Sur la demande indemnitaire pour résistance abusive et dilatoire
Le droit d'agir ou de défendre ses droits en justice ne peut dégénérer en abus que s'il est exercé de mauvaise foi, avec malice ou en cas d'erreur grossière.
Le fait que Mme [I] [V]-[A], Mme [K] [V]-[A], M. [X] [V]-[O] et M. [B] [V]-[O] aient été déboutés de leurs demandes ne suffit pas à les constituer de mauvaise foi ou à établir leur intention de nuire à leur voisine. Et dans les circonstances de l'espèce, il ne peut être considéré qu'ils ont fait preuve d'une légèreté blâmable ou que leur défense soit fondée sur l'unique volonté de différer la mise à exécution de la décision de première instance.
En conséquence, Mme [S] [V]-[A] est déboutée de sa demande de dommages et intérêts formulée de ces chefs.
Sur les autres demandes
Mme [I] [V]-[A], Mme [K] [V]-[A], M. [X] [V]-[O] et M. [B] [V]-[O], qui succombent en leur appel, sont condamnés in solidum aux dépens dont distraction au profit de la Selarl Christinaz & Pessey-Magnifique s'agissant des frais dont elle a fait l'avance sans avoir reçu provision.
Ils sont en outre, in solidum, condamnés à verser la somme de 2 500 euros à Mme [S] [V]-[A] au titre des dispositions de l'article 700 du code de procédure civile.
PAR CES MOTIFS
La cour, après en avoir délibéré conformément à la loi, statuant publiquement, par décision contradictoire,
Confirme le jugement déféré en toutes ses dispositions,
Y ajoutant,
Dit que le fonds cadastré section A n°[Cadastre 3] n'est grevé d'aucune servitude au profit des parcelles cadastrées section A n°[Cadastre 9], [Cadastre 1], [Cadastre 4], [Cadastre 5] et [Cadastre 6],
Condamne in solidum Mme [I] [V]-[A], Mme [K] [V]-[A], M. [X] [V]-[O] et M. [B] [V]-[O] aux dépens d'appel dont distraction au profit de la Selarl Christinaz & Pessey-Magnifique s'agissant des frais dont elle a fait l'avance sans avoir reçu provision,
Condamne in solidum Mme [I] [V]-[A], [K] [V]-[A], M. [X] [V]-[O] et M. [B] [V]-[O] à payer à Mme [S] [V]-[A] la somme de 2 500 euros au titre des dispositions de l'article 700 du code de procédure civile,
Déboute les parties de leurs demandes plus amples ou contraires.

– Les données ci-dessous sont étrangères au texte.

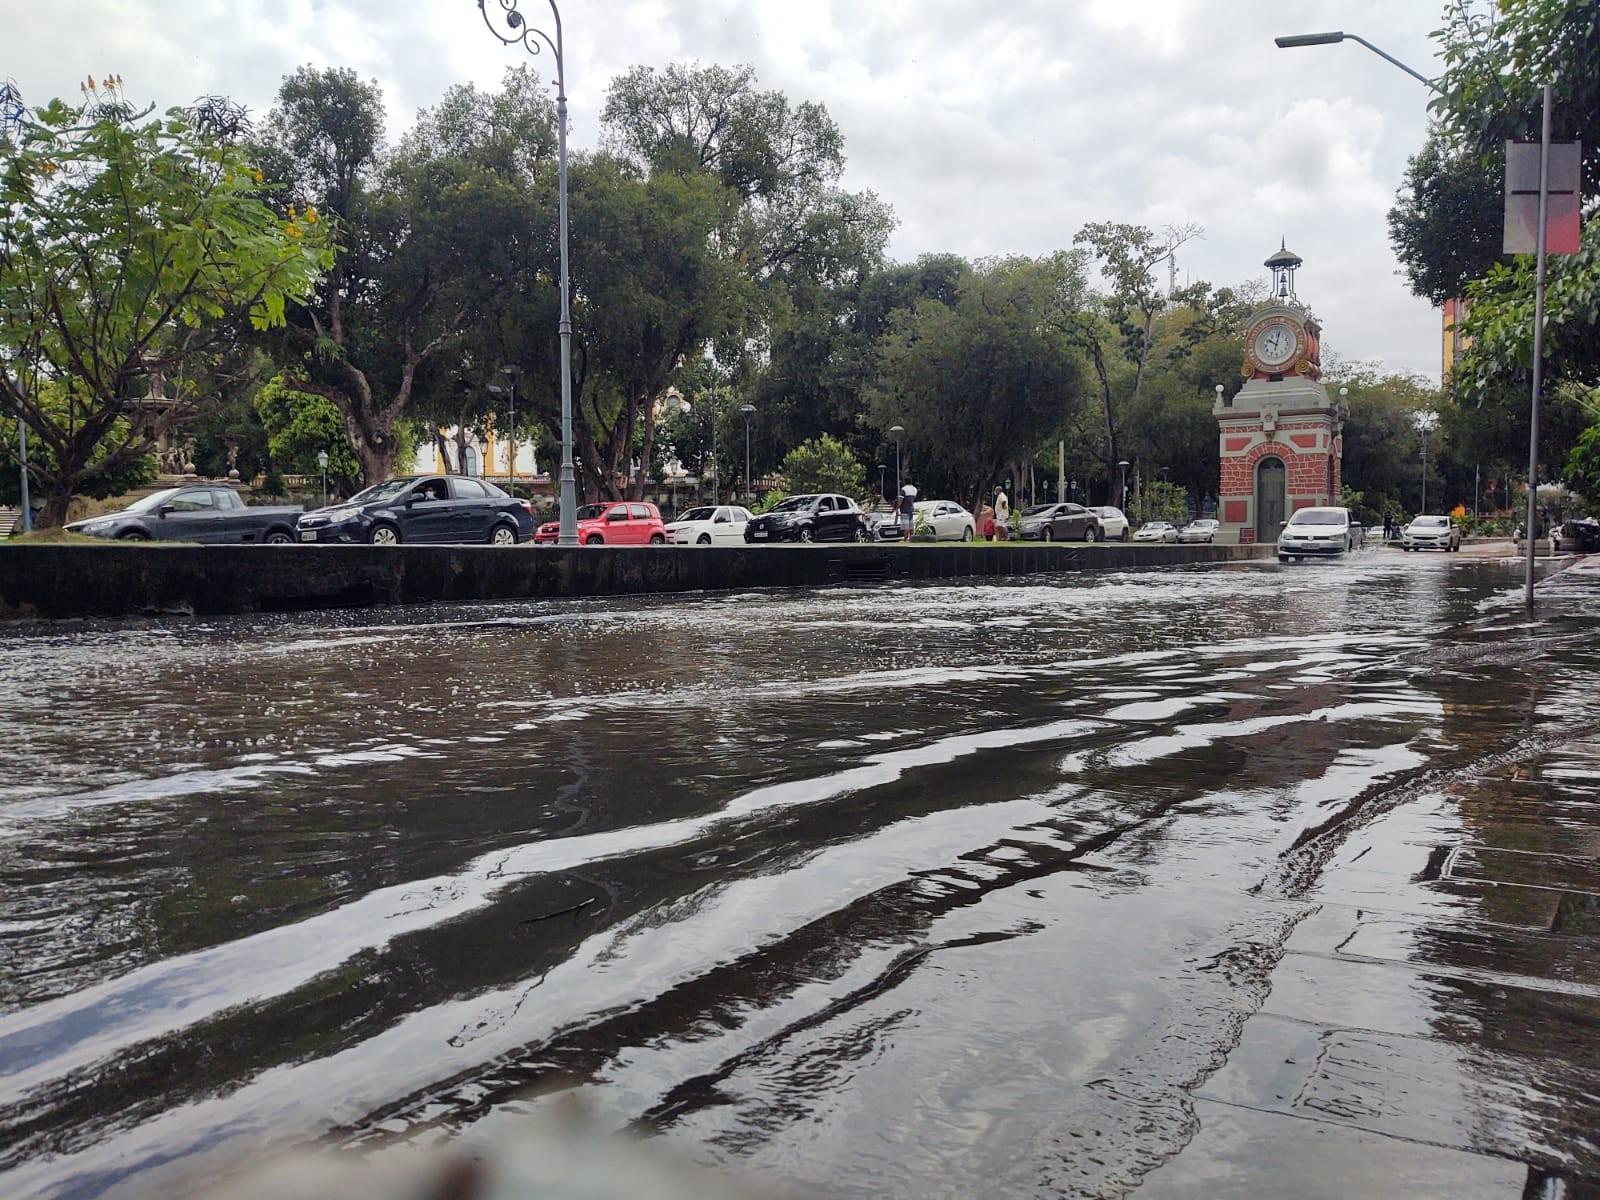 Enchente do Rio Negro avança e água chega à Praça do Relógio, Centro Histórico de Manaus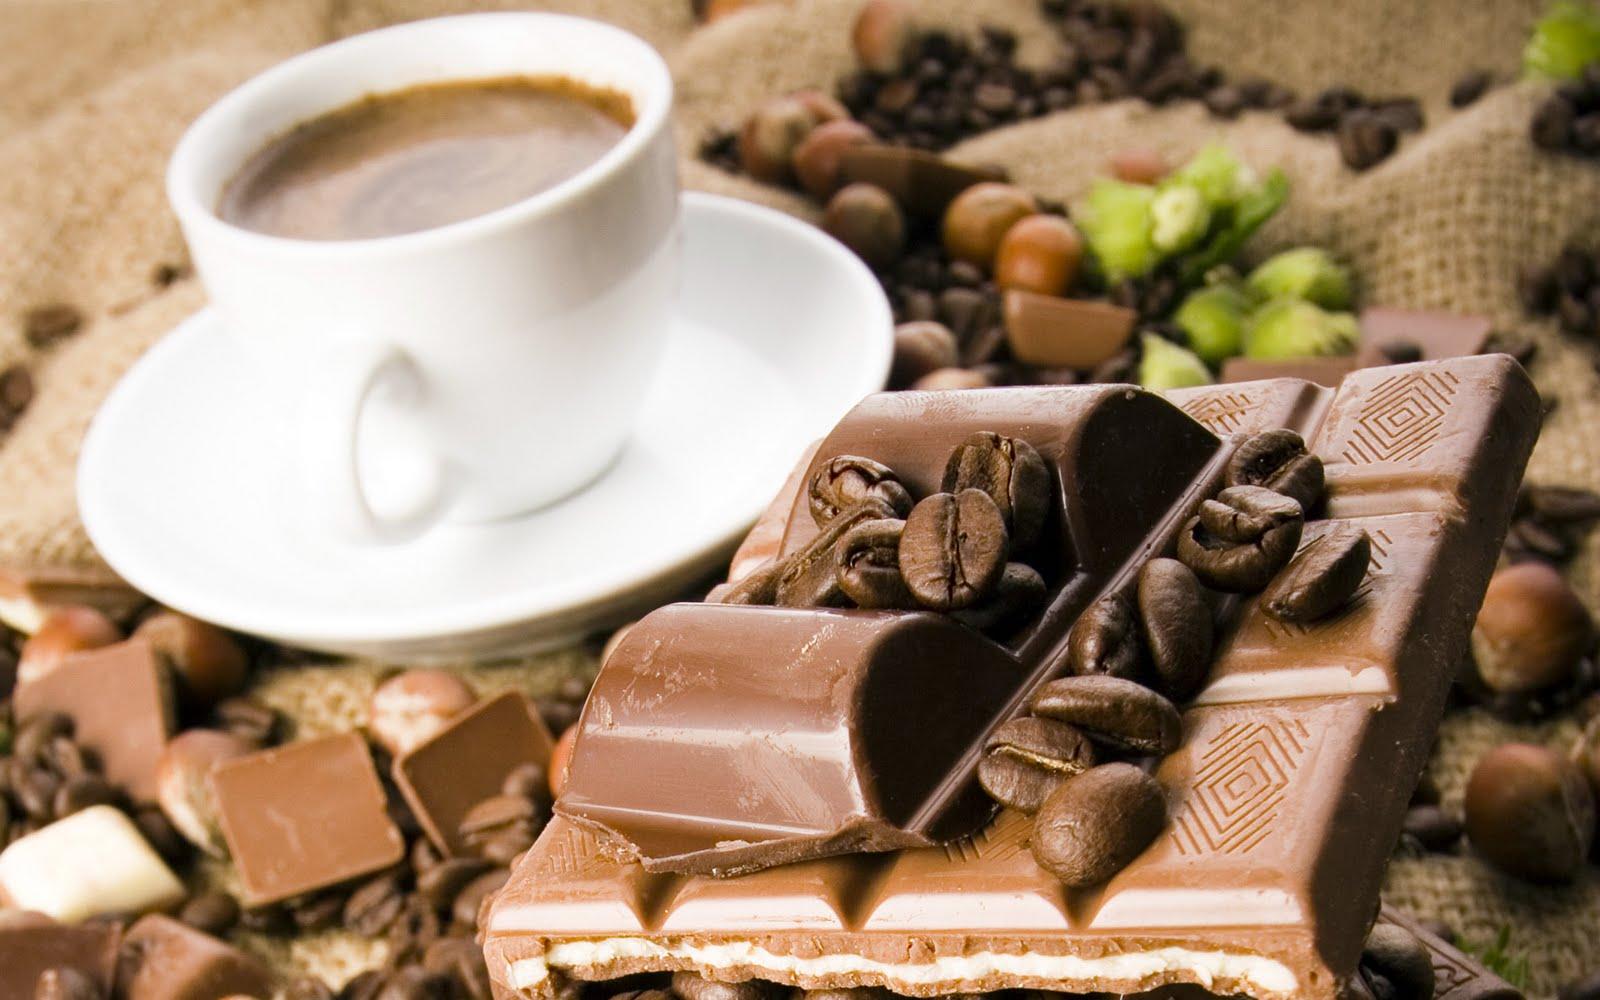 http://2.bp.blogspot.com/-qsnf0UOcWwo/TkGUCiJiRuI/AAAAAAAAKtc/_2uHb95ovn8/s1600/Chocolate+15.jpg

Ainsi prononcé publiquement le 04 juillet 2024 par mise à disposition de l'arrêt au greffe de la Cour, les parties en ayant été préalablement avisées dans les conditions prévues au deuxième alinéa de l'article 450 du Code de Procédure Civile, et signé par Madame Alyette FOUCHARD, Conseillère faisant fonction de Présidente et Madame Sylvie DURAND, Greffière.